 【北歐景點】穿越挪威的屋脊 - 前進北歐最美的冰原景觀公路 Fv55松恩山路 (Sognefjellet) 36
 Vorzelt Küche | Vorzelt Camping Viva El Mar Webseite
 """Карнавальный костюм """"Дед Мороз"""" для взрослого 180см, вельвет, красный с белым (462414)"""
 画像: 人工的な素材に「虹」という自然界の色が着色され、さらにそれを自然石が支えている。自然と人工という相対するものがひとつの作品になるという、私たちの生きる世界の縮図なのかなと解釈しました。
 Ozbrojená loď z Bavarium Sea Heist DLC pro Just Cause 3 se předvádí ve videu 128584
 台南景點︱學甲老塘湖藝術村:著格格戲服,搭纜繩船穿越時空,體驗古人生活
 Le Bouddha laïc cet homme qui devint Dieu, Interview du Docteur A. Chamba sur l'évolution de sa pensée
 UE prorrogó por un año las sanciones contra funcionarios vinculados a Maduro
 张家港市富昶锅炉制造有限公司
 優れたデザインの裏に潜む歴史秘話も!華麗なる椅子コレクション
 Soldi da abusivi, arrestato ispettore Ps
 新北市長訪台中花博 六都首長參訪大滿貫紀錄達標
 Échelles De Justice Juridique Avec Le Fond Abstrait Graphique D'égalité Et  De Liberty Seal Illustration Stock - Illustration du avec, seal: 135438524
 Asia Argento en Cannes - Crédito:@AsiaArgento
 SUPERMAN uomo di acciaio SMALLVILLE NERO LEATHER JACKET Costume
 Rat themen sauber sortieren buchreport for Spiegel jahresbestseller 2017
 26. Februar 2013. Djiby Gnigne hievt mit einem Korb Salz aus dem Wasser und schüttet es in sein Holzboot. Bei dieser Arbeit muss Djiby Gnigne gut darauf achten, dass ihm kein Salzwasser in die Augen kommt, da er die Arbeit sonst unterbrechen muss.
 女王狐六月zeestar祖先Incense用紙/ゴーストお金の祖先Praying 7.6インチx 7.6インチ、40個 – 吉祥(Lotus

-- -- --

Where the line containing "Asia Argento en" appears in the records above, begin copying and continue through the last line; copy each line exactly and include no others.

Result of the task:
 Asia Argento en Cannes - Crédito:@AsiaArgento
 SUPERMAN uomo di acciaio SMALLVILLE NERO LEATHER JACKET Costume
 Rat themen sauber sortieren buchreport for Spiegel jahresbestseller 2017
 26. Februar 2013. Djiby Gnigne hievt mit einem Korb Salz aus dem Wasser und schüttet es in sein Holzboot. Bei dieser Arbeit muss Djiby Gnigne gut darauf achten, dass ihm kein Salzwasser in die Augen kommt, da er die Arbeit sonst unterbrechen muss.
 女王狐六月zeestar祖先Incense用紙/ゴーストお金の祖先Praying 7.6インチx 7.6インチ、40個 – 吉祥(Lotus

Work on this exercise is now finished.